At least 43 people were killed and more than 50 wounded on Saturday as south Sudanese troops moved in to halt a raid on a settlement's cattle. The UN says inter-tribal violence has seen a sharp increase across the country's autonomous south.


AFP - At least 43 people have been killed, including seven soldiers, and dozens wounded in clashes between troops and cattle rustlers in south Sudan, a military spokesman said on Saturday.

Gunmen attacked a small settlement in the Twic East region of Jonglei state early on Friday, said Major General Kuol Diem Kuol, of the southern Sudan People’s Liberation Army (SPLA).

"The men attacked at the settlement of Wernyol at 5:00 am with guns, coming to take the cattle, and to loot and steal.

"There was only a small police force based in Wernyol, and they were soon overrun, but nearby SPLA platoons heard the shooting and rushed to the area."

Fighting then broke out between around 70 soldiers and the raiders, who are reported to come from the Lou Nuer ethnic group. The people of Wernyol are from the Bor Dinka group.

"In total there were at least 36 civilians who were killed, and more than 50 were wounded, some seriously," said Kuol.

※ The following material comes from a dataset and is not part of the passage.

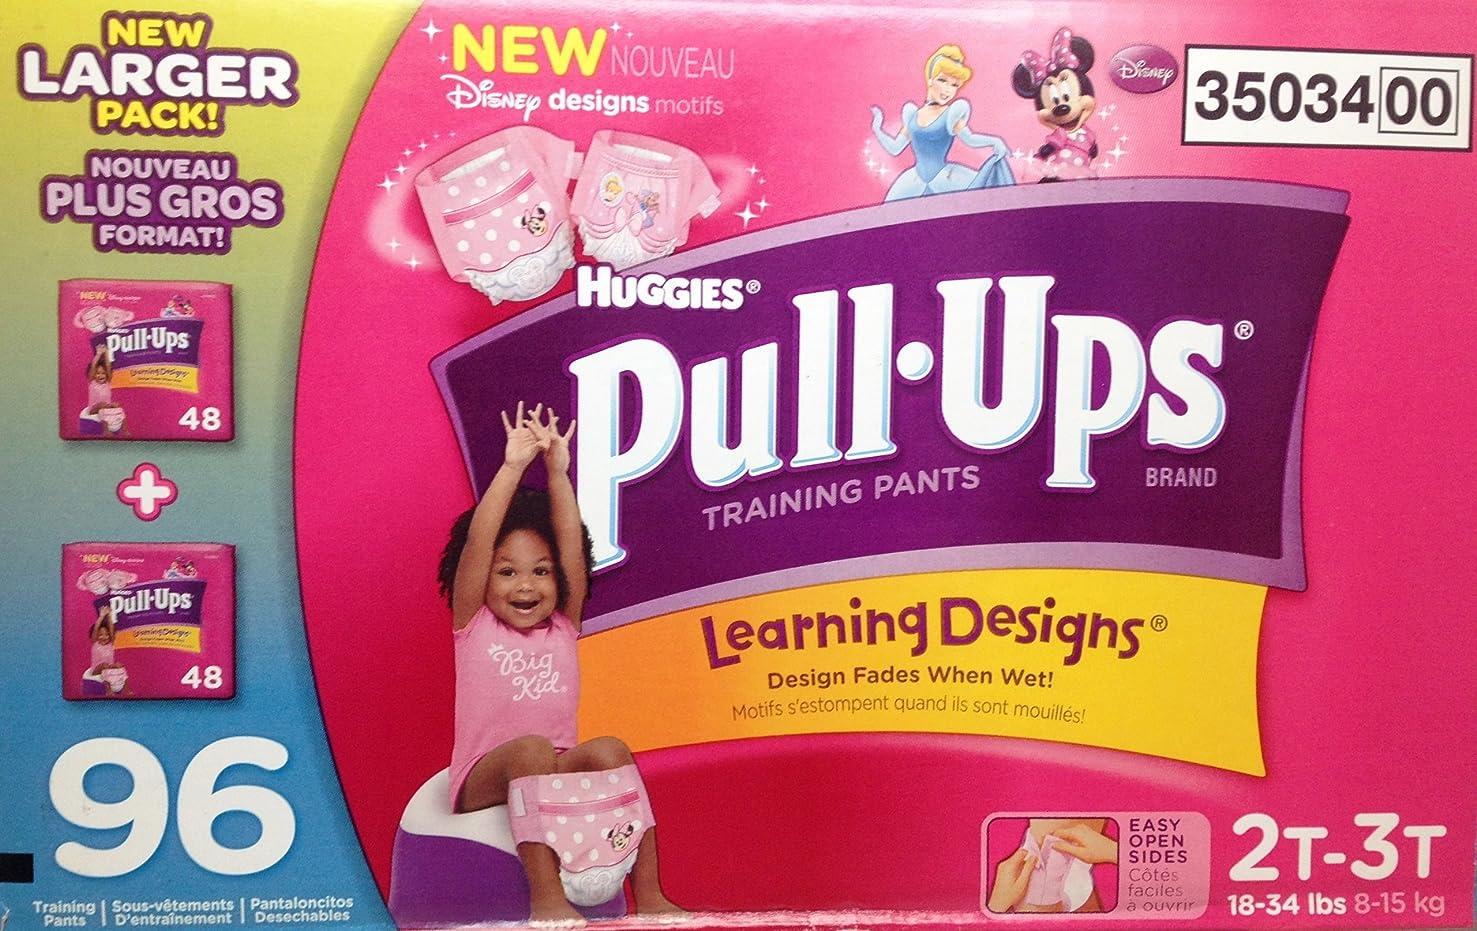 債権者ペア何十人もHUGGIES ハギ-ズ はかせるオムツ/ トレーニングパンツ (2t-3t)8~15Kg 96枚 ディズニープリンセス&ミニーマウス Huggies Pull-ups Training Pants for Girls, Size 2t-3t (18-34 Lbs.), 96 Ct【並行輸入品】

"In addition there were seven soldiers who died, and three more who were wounded."

It was not immediately clear how many of the raiders died.

"The livestock that was taken was returned back to the people by the soldiers," Kuol added.

"The situation is now calm, and the SPLA have deployed extra units to ensure security is maintained."

Clashes between rival ethnic groups in south Sudan break out frequently -- some sparked by cattle rustling and disputes over natural resources, others in retaliation for previous attacks.

However, a string of recent raids has shocked many, with an apparently sharp increase in attacks on women and children, as well as the targeting of homesteads.

More than 2,000 people have died and 250,000 been displaced in inter-tribal violence across southern Sudan since January, according to the United Nations, which says the rate of violent deaths now surpasses that in the war-torn western region of Darfur.

Last week three Kenyan policemen and several others died in a gun battle with south Sudanese cattle raiders from the Toposa ethnic group who had crossed into Kenya to steal livestock.

Jonglei state was one of the areas hardest hit in Sudan's two-decade-long north-south civil war, which ended in 2005 with a power-sharing deal between the Muslim north and the Christian and animist south.

Authorities struggle to maintain order in the sprawling state, which is the size of Austria and Switzerland combined.

The state remains awash with small arms and there are frequent clashes between rival groups.

Heavy-handed but ineffective disarmament campaigns have left regions at risk of attack from their still armed neighbours.

Under the deal that ended Africa's longest civil war, the south has a six-year transitional period of regional autonomy and takes part in a unity government until the 2011 referendum on self-determination.